RECORD EXCERPTS Start Marker

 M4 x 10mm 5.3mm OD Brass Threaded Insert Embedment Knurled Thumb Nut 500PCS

RECORD EXCERPTS End Marker
RECORD EXCERPTS Start Marker

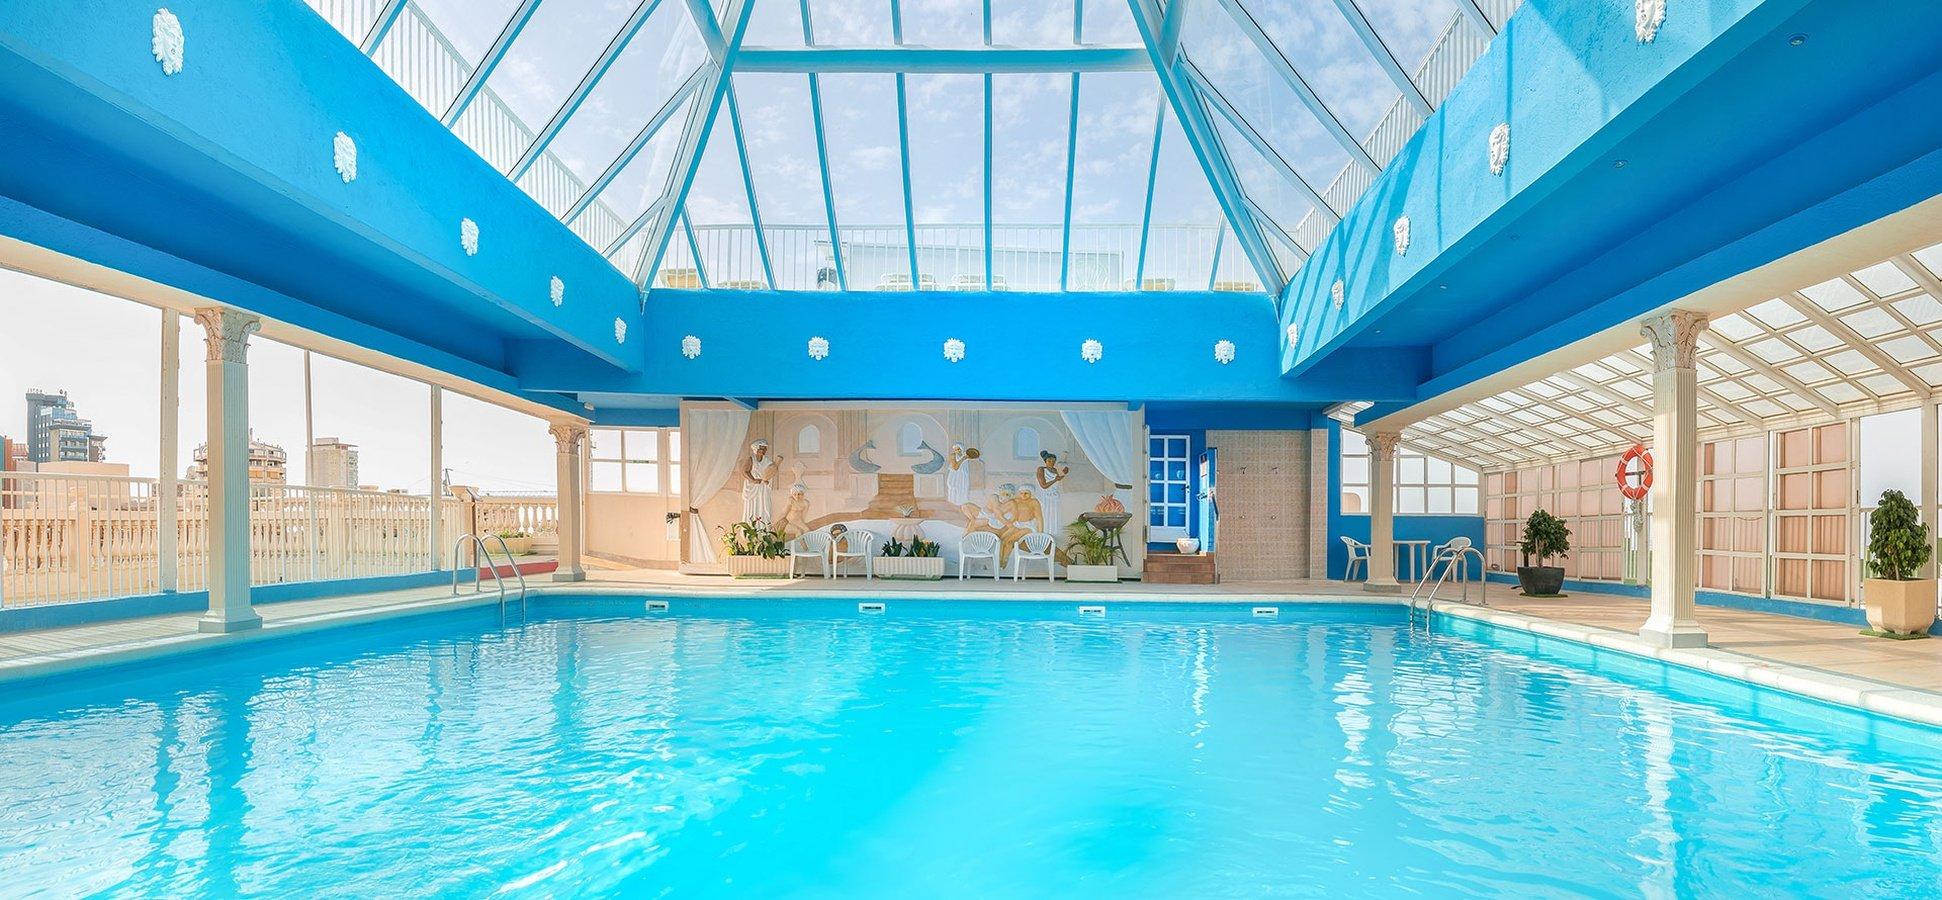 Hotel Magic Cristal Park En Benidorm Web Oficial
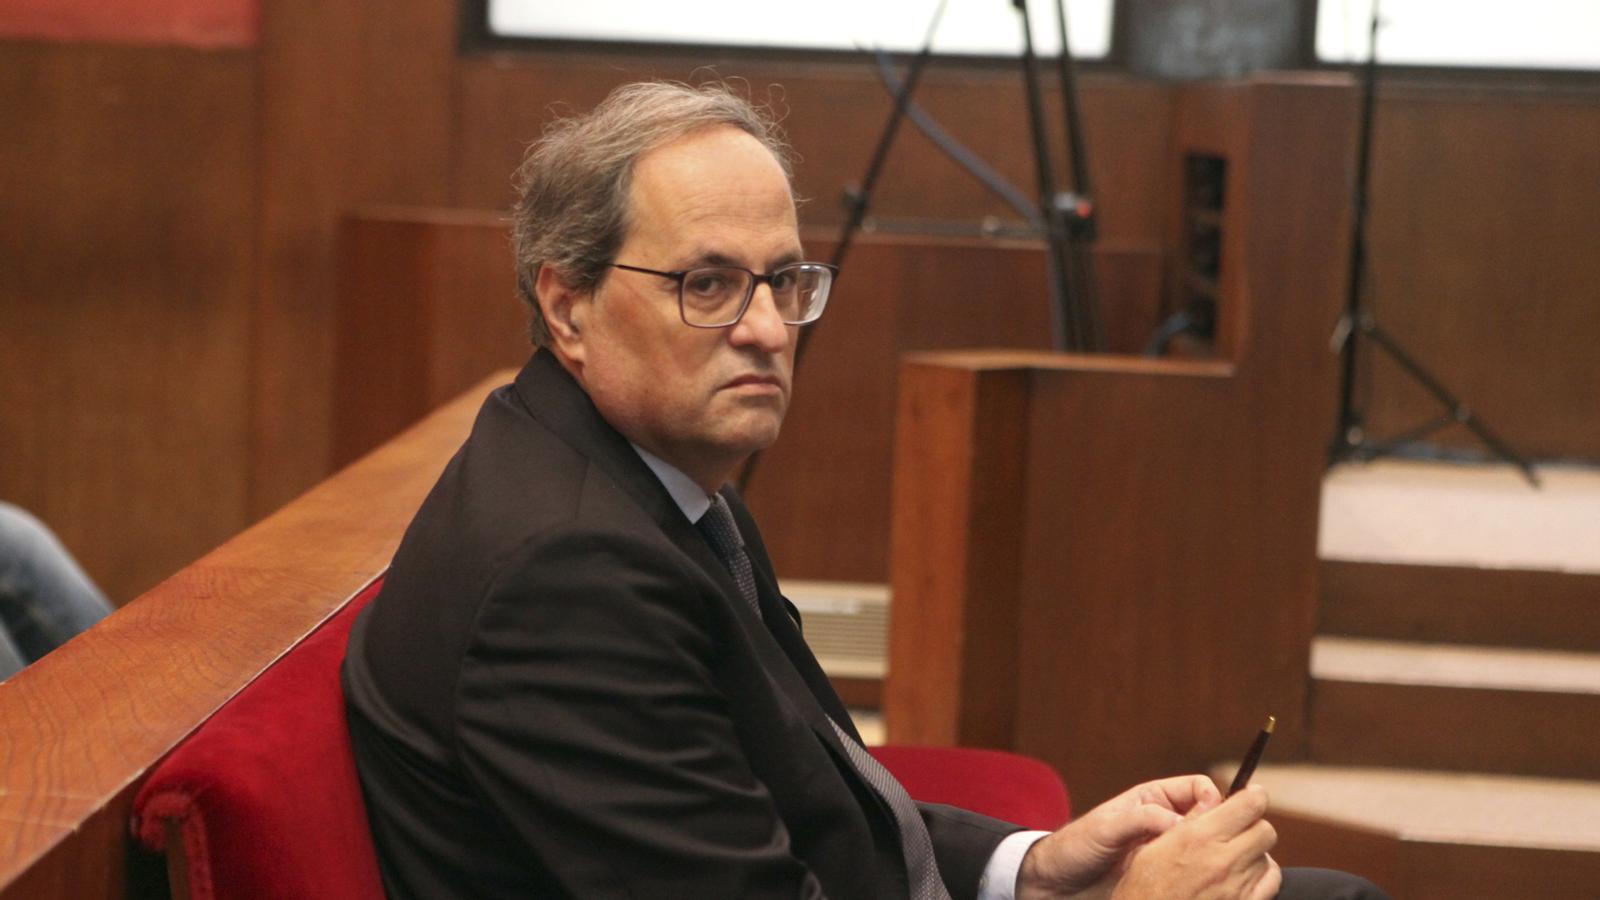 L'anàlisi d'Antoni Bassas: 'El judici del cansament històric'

RECORD EXCERPTS End Marker

## EXERCISE REQUIREMENTS
The reply should hold exactly the lines above, starting at the line with "Hotel Magic Cristal" and ending at the line with "L'anàlisi d'Antoni Bassas: 'El", and no pictures.

## SOLUTION TO THIS TASK
 Hotel Magic Cristal Park En Benidorm Web Oficial
 L'anàlisi d'Antoni Bassas: 'El judici del cansament històric'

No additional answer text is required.